Lorsque l’on parle de prêt immobilier, il y a un chiffre que tout le monde regarde immédiatement :
le taux.
3,20 %, 3,40 %, 3,60 %…
C’est évidemment un élément important. Mais lorsqu’on compare deux propositions bancaires, le taux du prêt ne suffit pas.
Car derrière un crédit immobilier se cachent plusieurs autres coûts qui peuvent, au final, faire une vraie différence.
Pour comparer correctement deux offres, il faut notamment regarder quatre éléments :
- le taux du prêt ;
- les frais de dossier ;
- l’assurance emprunteur ;
- le coût de la garantie.
Et pour avoir une vision plus globale, un indicateur existe : le TAEG.
1. Le taux du prêt
C’est le plus visible.
Le taux nominal détermine les intérêts que vous allez payer à la banque sur le capital emprunté.
À montant et durée identiques, un taux plus faible entraîne généralement un coût d’intérêts moins élevé.
Mais deux banques peuvent proposer des taux très proches tout en présentant des coûts globaux sensiblement différents.
Pourquoi ?
Parce qu’il faut regarder le reste.
2. Les frais de dossier
Ils sont parfois considérés comme secondaires.
Pourtant, selon les établissements et le montant du financement, ils peuvent représenter plusieurs centaines, voire plusieurs milliers d’euros.
Une banque proposant un taux légèrement inférieur mais des frais de dossier beaucoup plus élevés n’est donc pas automatiquement la plus intéressante.
Ces frais doivent entrer dans la comparaison globale du financement.
3. L’assurance emprunteur
C’est probablement l’un des postes les plus sous-estimés.

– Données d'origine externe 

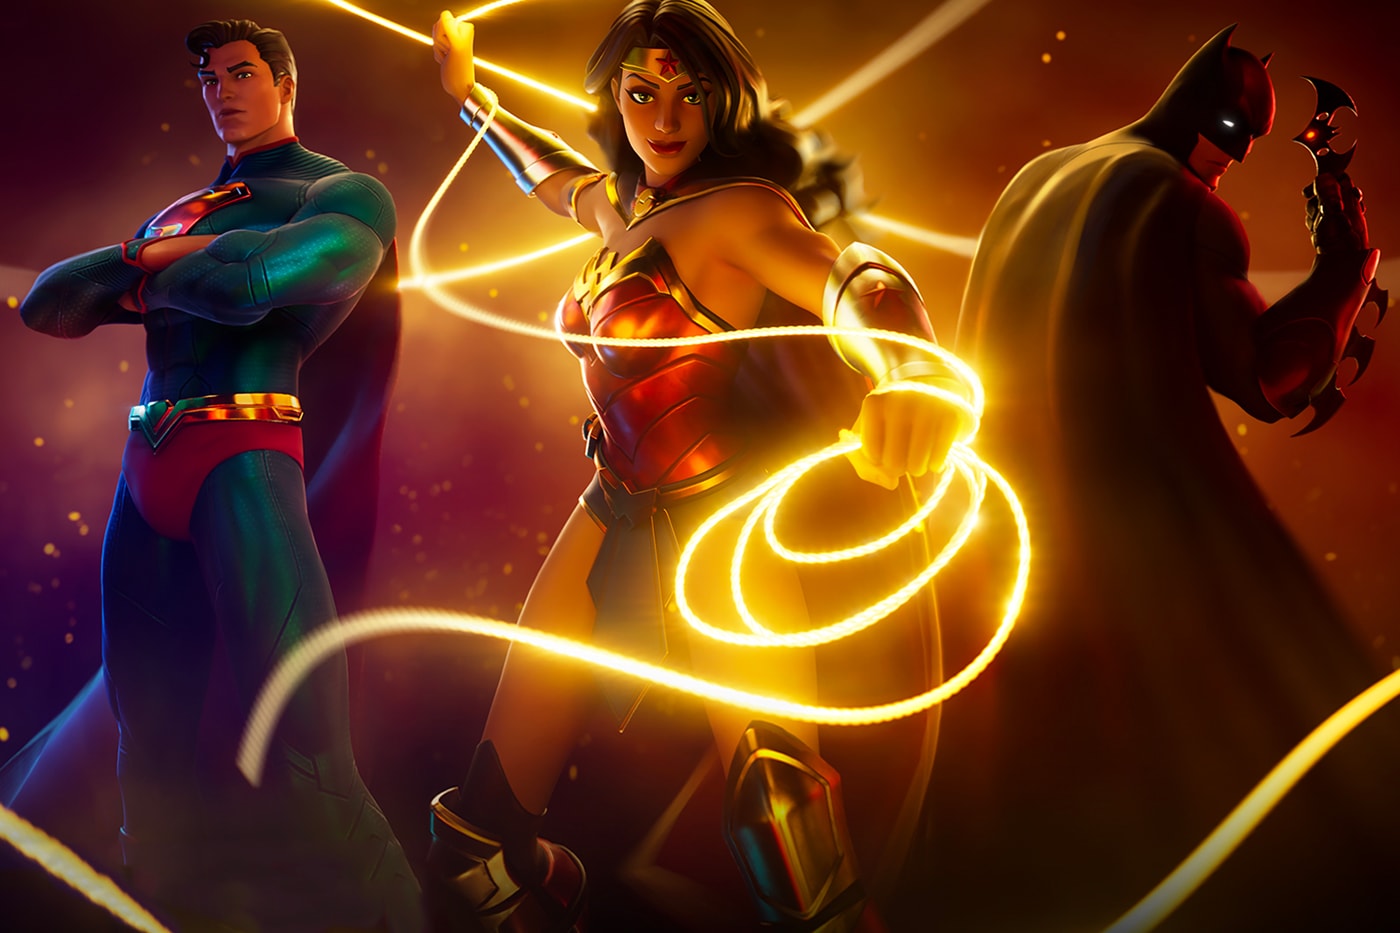 epic games Fortnite Wonder Woman Skin Release Info dc comics dceu gal gadot batman superman justice league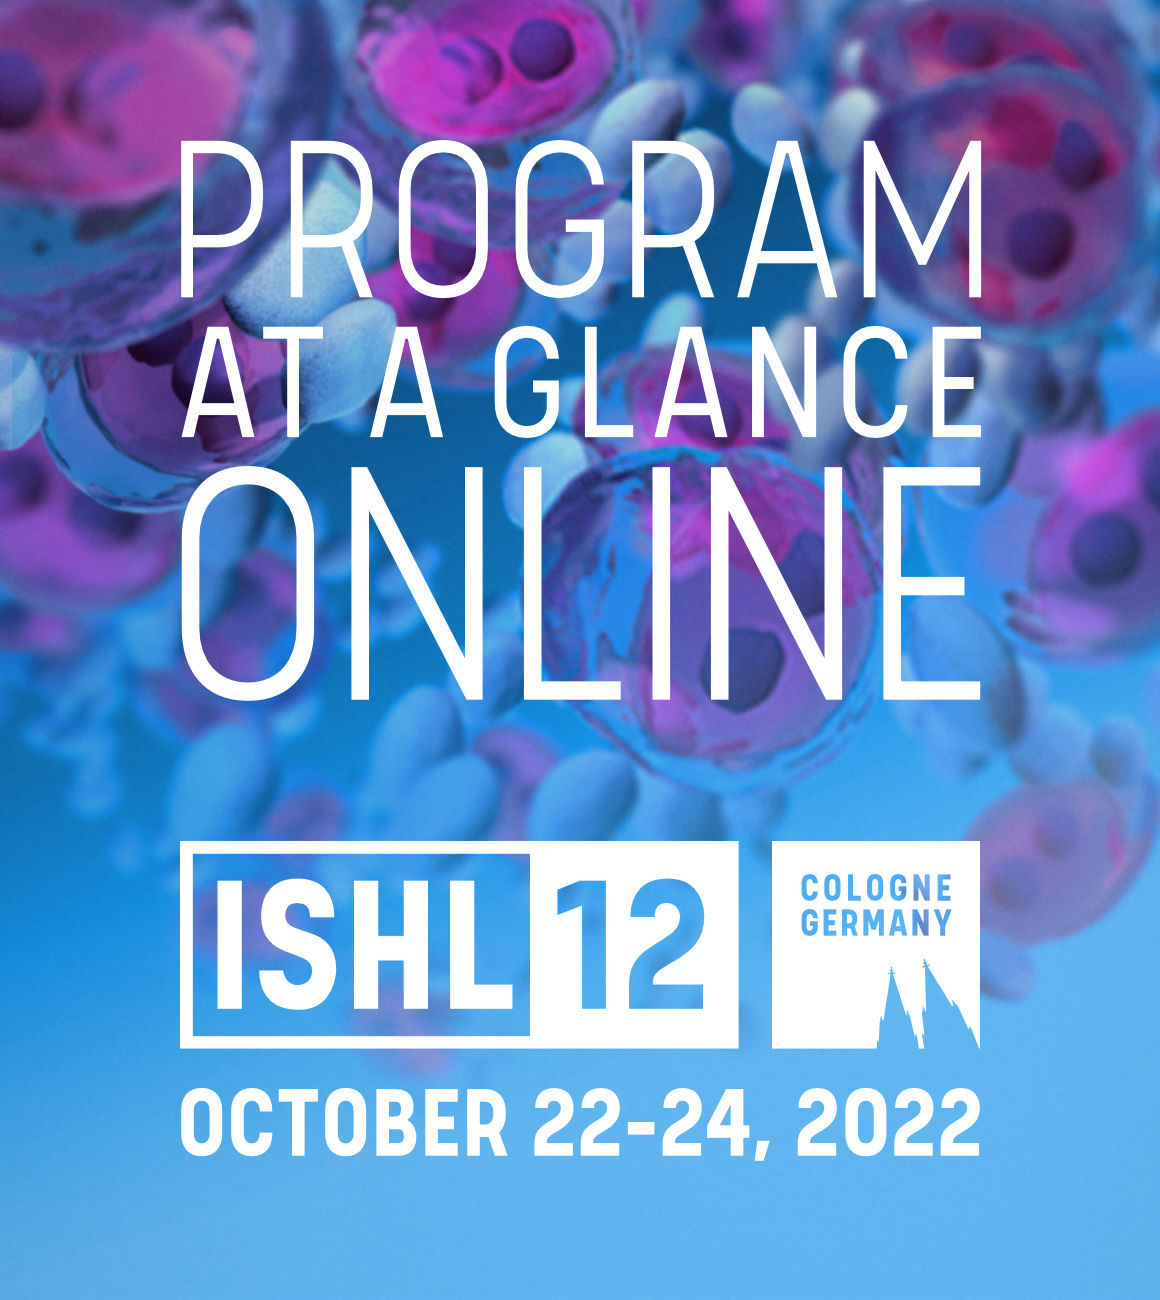 ISHL12 - Program at a Glance online

Sur un crédit immobilier de 20 ou 25 ans, le coût de l’assurance peut représenter une somme importante.
Son montant dépend notamment de l’âge des emprunteurs, de leur situation, du montant assuré, de la durée du prêt et des garanties souscrites.
Il est donc essentiel de regarder non seulement la mensualité d’assurance, mais aussi son coût total sur la durée du crédit.
La banque peut proposer son propre contrat, mais l’emprunteur peut également choisir une assurance externe présentant des garanties équivalentes à celles exigées par l’établissement prêteur.
4. La garantie du prêt
Dernier élément à regarder : la garantie.
Pour se protéger en cas de défaut de remboursement, la banque peut demander différentes formes de garantie, par exemple une caution ou une hypothèque.
Ces solutions n’ont pas nécessairement le même coût.
Là encore, lorsque l’on compare deux financements, ce poste mérite d’être regardé attentivement.
Le TAEG : un indicateur plus révélateur
C’est là qu’intervient le TAEG, ou taux annuel effectif global.
Contrairement au simple taux nominal, le TAEG vise à représenter le coût global du crédit.
Il prend notamment en compte les intérêts du prêt, les frais de dossier, certains frais d’intermédiaires, ainsi que les coûts d’assurance et de garantie lorsqu’ils sont nécessaires pour obtenir le financement.
C’est donc un indicateur particulièrement utile pour comparer deux propositions bancaires.
Une offre avec un taux nominal plus faible n’est pas forcément l’offre la moins chère.
Comparer un prêt immobilier : regarder l’ensemble
Imaginons deux banques.
La première propose un taux légèrement plus bas, mais avec :
des frais de dossier importants, une assurance plus chère et une garantie plus coûteuse.
La seconde affiche un taux légèrement supérieur, mais des frais annexes beaucoup plus faibles.
À première vue, la première proposition paraît meilleure.
Mais lorsque l’on calcule le coût global du crédit, le résultat peut être tout autre.
C’est précisément pour cela qu’il faut éviter de comparer uniquement les taux.
Le coût compte… mais pas seulement
Le coût global reste évidemment essentiel.
Mais d’autres conditions peuvent également avoir de l’importance dans la vie du prêt :
la possibilité de moduler les mensualités, de différer certaines échéances ou encore les conditions d’un remboursement anticipé.
Ces éléments doivent aussi être lus attentivement avant de choisir son financement.
Un projet immobilier se regarde dans sa globalité
Lorsque l’on achète un bien immobilier, on compare naturellement les maisons, les appartements, les prix et les travaux.
Il faut avoir exactement le même réflexe avec le financement.
Ne regardez pas seulement :
« Quel taux me propose-t-on ? »
Demandez-vous plutôt :
« Combien ce crédit va-t-il réellement me coûter ? »
Taux, frais de dossier, assurance, garantie : ces différents éléments peuvent modifier sensiblement le coût final.
Et le meilleur indicateur pour commencer à comparer reste alors le TAEG.
Parce qu’en immobilier comme ailleurs, un chiffre pris isolément ne raconte jamais toute l’histoire.